-20-

6 2 0
                                    

Mektubu açıp kaçıncı kez okuduğumu hatırlamadan okumaya başladım. Bunu okumak her ne kadar canımı yakıp bana yalnızlığımı hatırlatsada onu yanımda hissettiriyordu.

"Tatlı belam;

Bu mektubu aldığında ben yanında olmayacağım. Ama sana önceden de söylediğim gibi seni ben hiçbir zaman isteyerek bırakmam ve lütfen bana kızma...
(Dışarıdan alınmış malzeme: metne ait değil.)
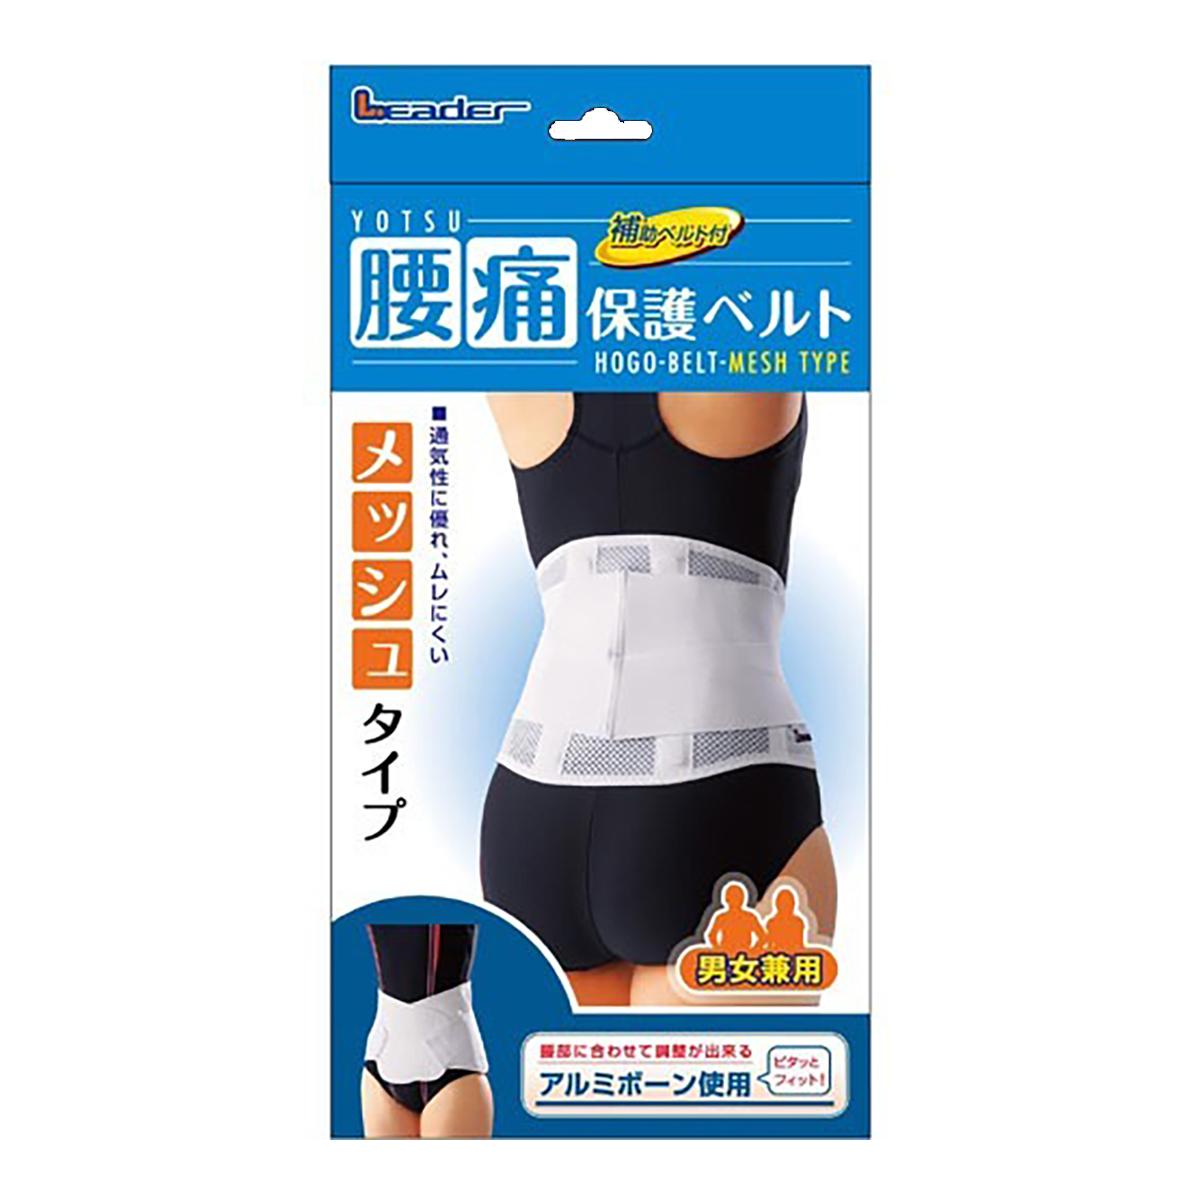 【送料無料・まとめ買い×10】日進医療器 腰痛保護ベルト メッシュタイプ L

Mutlaka beni affeder diyemiyorum ama herşeyin bir nedeni vardır mutlaka bunu unutma ve ne olursa olsun beni sevmekten vazgeçme lütfen . Çünkü ben seni sevmekten vazgeçmeyecegim ve ne yaparsan yap seni izliyor olacağım. Kendini üzme ve hayatına devam et. Sevecegin biri çıkarsa ve mutlu olacağını düşünüyorsan onunla da devam edebilirsin ama yanına geleceğim mutlaka.
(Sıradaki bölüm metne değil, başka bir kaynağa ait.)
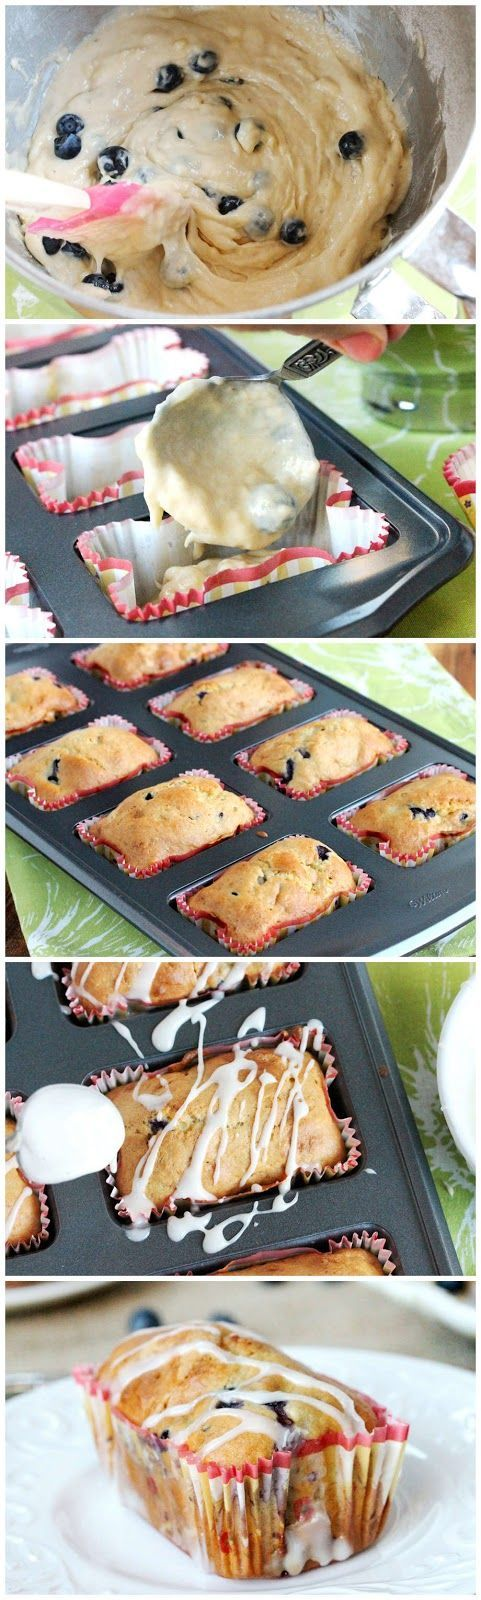 Mini Loaf Banana Blueberry Bread - joysama images

İlk kez konuştuğumuz sahile çok gidersin sen şimdi, balkonuna bakarsın , bahcenizdeki salıncağa uzanıp gökyüzünü izlersin bütün bunları yaninda ben varmışım gibi yap olur mu?

Artık gitmem gerek lütfen neden gittigimi araştırma. Geri gelecegimi ve seni çok sevdiğimi unutma yeter.

Bay Ego"

Ne kadar kısa olursa olsun bana umut veren tek şeydi ve okuyunca istemeden de olsa içim rahatlıyordum. Banktan kalkıp yürümeye başladım. İçimden bir ses iyi günlerin çok yakin olduğunu söylüyordu. Yola çıktığımda bir taksiye binip evin adresini verdim. Bir yandan da telefonunu elime alıp Elif ve Melodi'den gelen mesajları cevapladım.

Evin önünde taksi durduğunda indim ve çantamdaki anahtarla kapıyı açıp içeri girdim yüzüme sahte bir gülücük eklemeyi de unutmamıştım. Annemle babam mutfakta masada oturuyorlardı.

-Merhaba ben geldim.

Deyip ikisinin yanağına da bir öpücük kondurdum.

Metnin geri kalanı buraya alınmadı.